If a `text_sequence_analyzer.keras` model file in `Keras` format exists - the model is loaded from this file.

In [None]:
@register_keras_serializable(package="text_sequence_analysis")
class TextSequenceAnalyzer(Model):
  """RNN-based model that learns sequential data and detects anomalies.

  This is an end-to-end model capable of tokenizing raw textual inputs
  into sequences of token ids to predict the next token id.

  To keep both preprocessing and training logic together in the subsequently
  saved model, an internal to the model class `Preprocessor` is defined to
  wrap a `tensorflow.keras.layers.TextVectorization` instance.

  An input text sequence is learned by a combination of layers:
  - a `Preprocessor` layer to build a *vocabulary* from the model's inputs;
  - a `tensorflow.keras.layers.Embedding` layer with `EMBEDDING_DIM`
    output vector size;
  - a `tensorflow.keras.layers.GRU` sequence-to-sequence layer with `RNN_UNITS`
    number of units;
  - a `tensorflow.keras.layers.Dense` multinomial classification layer with
    number of units matching the vocabulary size.

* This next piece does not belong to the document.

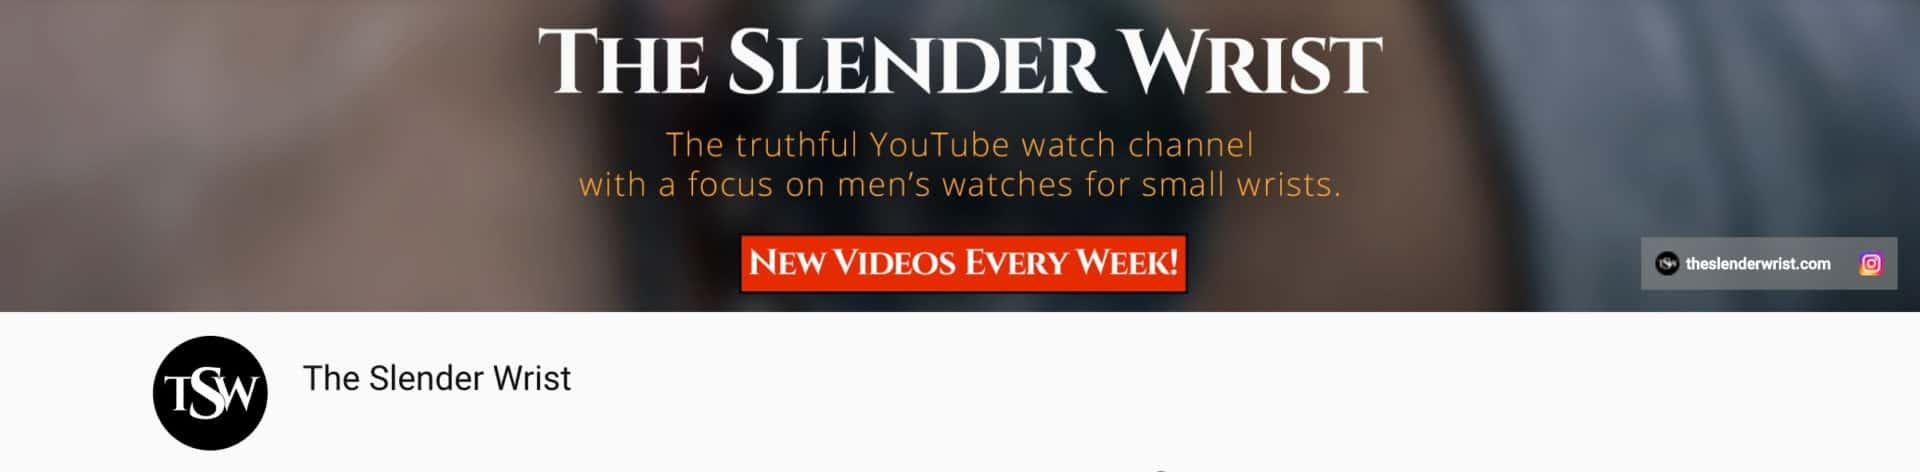 yt the slender wrist

  The `detect_anomalies` method contains the anomaly detection logic -
  if a token id part of the input sequence is not predicted based on
  `NEXT_TOKEN_PROB_THRESHOLD`, `anomaly_detected_cb` is called with all
  data related to the anomaly.

  This model is trained for multi-label predictions via `softmax` activation,
  with `tensorflow.keras.losses.SparseCategoricalCrossentropy` used for loss
  and `tensorflow.keras.optimizers.Adam` used for optimizer.
  """

  @register_keras_serializable(package="text_sequence_analysis")
  class Preprocessor(Layer):
    """A preprocessing layer for `TextSequenceAnalyzer`.

    This layer has two processing modes: for training and not for training.
    The modes are specified as a parameter to the `preprocess` method, where is
    the implementation for these modes.

    In the for-training mode, the input text sequence is vectorized and split
    into a shuffled and batched training set and a batched validation set
    as per the `self._to_tf_dataset` method.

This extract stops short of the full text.